Jainas have developed a rich literary activity at all the times. The majority of Jaina writers belong to the spiritual class; they are either monks who take advantage of the four months of monsoon (caturmāsa) during which they are not allowed to wander and must take up on their literary activity, or those who have settled down at a place. The character and the content of Jaina- literature shows the predominance of the clerical element among the authors, and this, incidentally, agrees fully with the Indian literature in general. These works are mainly theological and philosophical treatises, legends of saints, didactic works and laudations of the Tirthańkaras. The basic religious feature also emerges strongly in works having mundane contents, in books of science and poetry and works of narrative literature.

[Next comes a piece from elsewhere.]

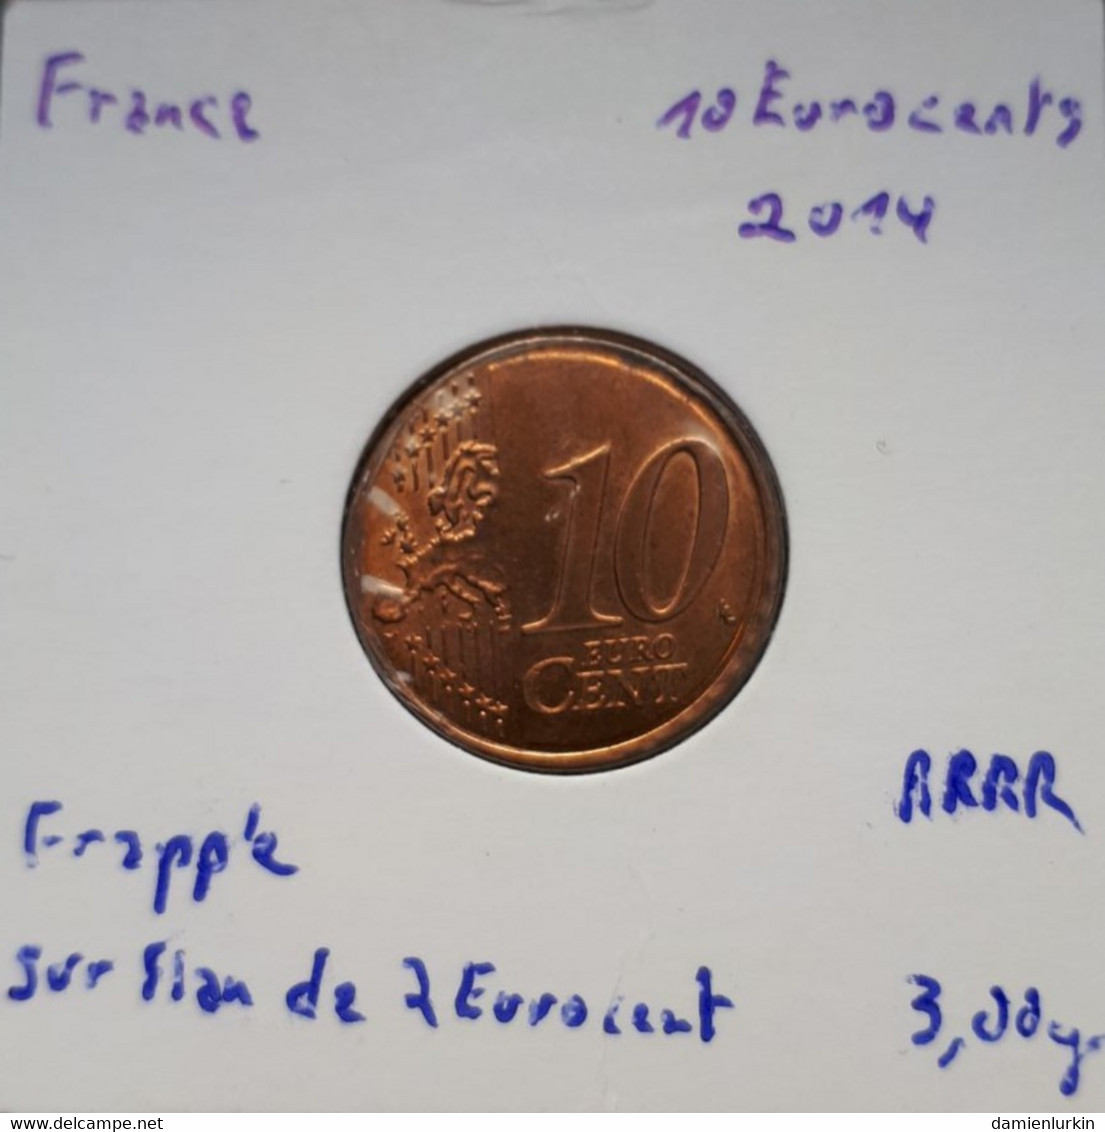 --PROMO 300€-- FRANCE EXCEPTIONNELLE 10 EURO CENT 2014 FRAPPEE SUR FLAN CUIVRE NON METALLIQUE !!!!! --LIRE DESCRIPTIF-- - Variëteiten En Curiosa

2.0 Tradition of Jaina Literature

According to the Jaina tradition, the teachings of the religion were recorded in the period of the first Tirthańkaras Ŗşabha himself; the Holy Scriptures always existed in the times in which the churches of the individual Tirthańkaras prospered. It is true that they were forgotten in the intervals (in between the periods of a few Tirthańkaras), during which the doctrine disappeared, but they were proclaimed again anew by every prophet. According to a tradition of the orthodox people which is propagated today, the holy scriptures from the period of all the Tirthańkaras should essentially agree with one another (as also the life stories of the Tirthańkaras in their important points), and only the names are supposed to vary in them.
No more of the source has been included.